The Scriptorium

Restoration's Beginning

It started with John, and continues with us. Matthew 17.9-13

Matthew 17: Glory and the Grind (2)

Pray Psalm Psalm 96.1-4.
Oh, sing to the LORD a new song!
Sing to the LORD, all the earth.
Sing to the LORD, bless His name;
Proclaim the good news of His salvation from day to day.
Declare His glory among the nations,
His wonders among all peoples.
For the LORD is great and greatly to be praised;
He is to be feared above all gods.

Sing Psalm 96.1-4.
(Mit Freuden Zart: All Praise to God, Who Reigns Above)
Sing to the Lord! O, bless His Name! All nations tell His glory!
Salvation’s tidings loud proclaim; let earth rehearse His story!
For God is greatly to be praised; His throne above all gods is raised –
Fear Him, and sing His glory!

Read Matthew 17.1-13; meditate on verses 9-13.
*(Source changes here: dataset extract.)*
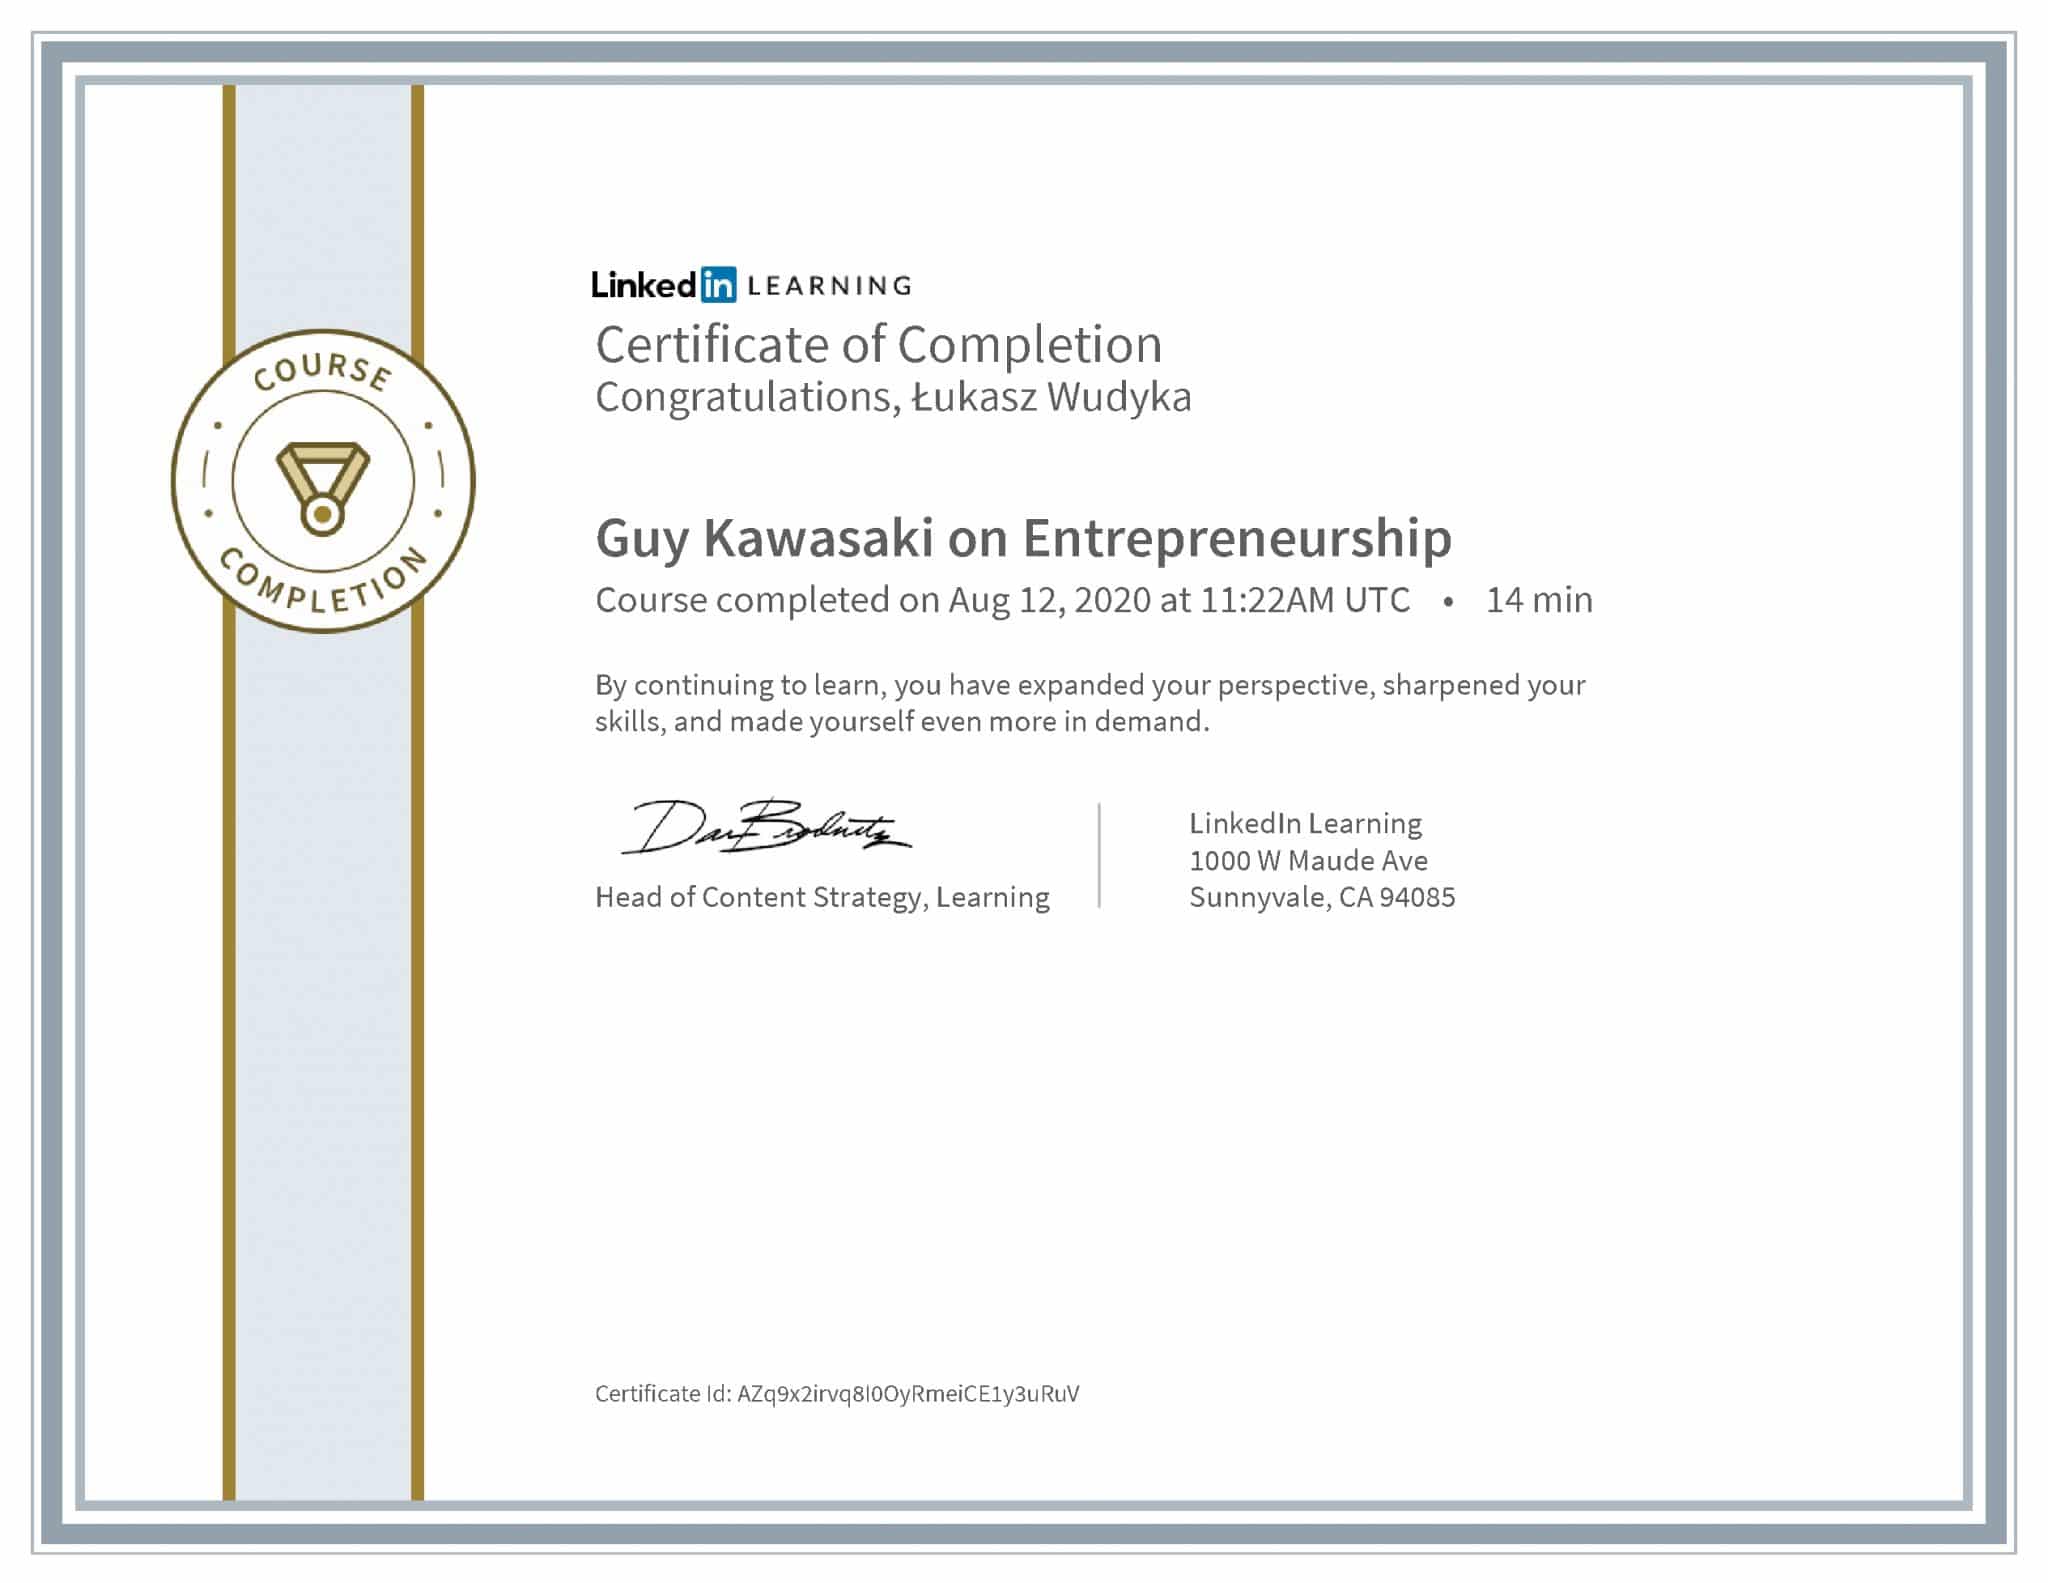 Łukasz Wudyka certyfikat LinkedIn Guy Kawasaki on Entrepreneurship
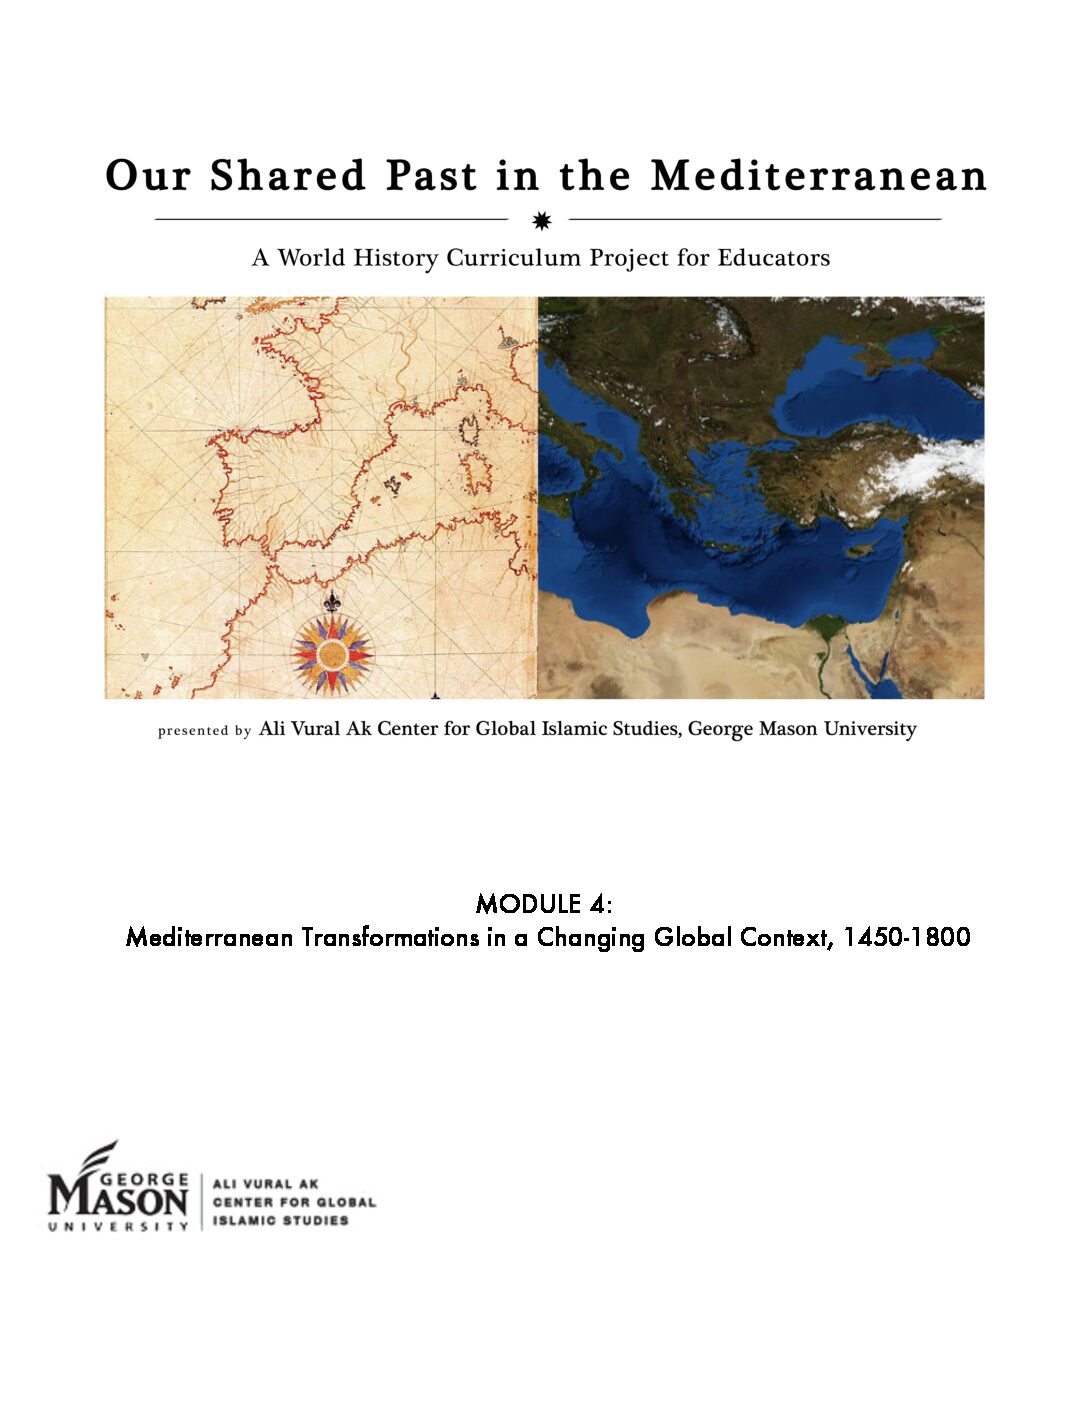 OSPM-Module-4-Mediterranean-Transformations-1450-1800-CE.pdf

1. What did the disciples ask Jesus?

2. What did they understand from His answer?

Peter, James, and John had just seen a wonderful vision of Jesus (vv. 1-8). They had heard Him talking with Moses and Elijah about His death. They’d been enveloped in a cloud of glory and heard the voice of God commanding them to hear Jesus and listen to Him. This was undoubtedly the most exciting experience of their entire lives.

And Jesus forbade them to speak about it (v. 9). That would certainly be a test of their willingness to hear Him.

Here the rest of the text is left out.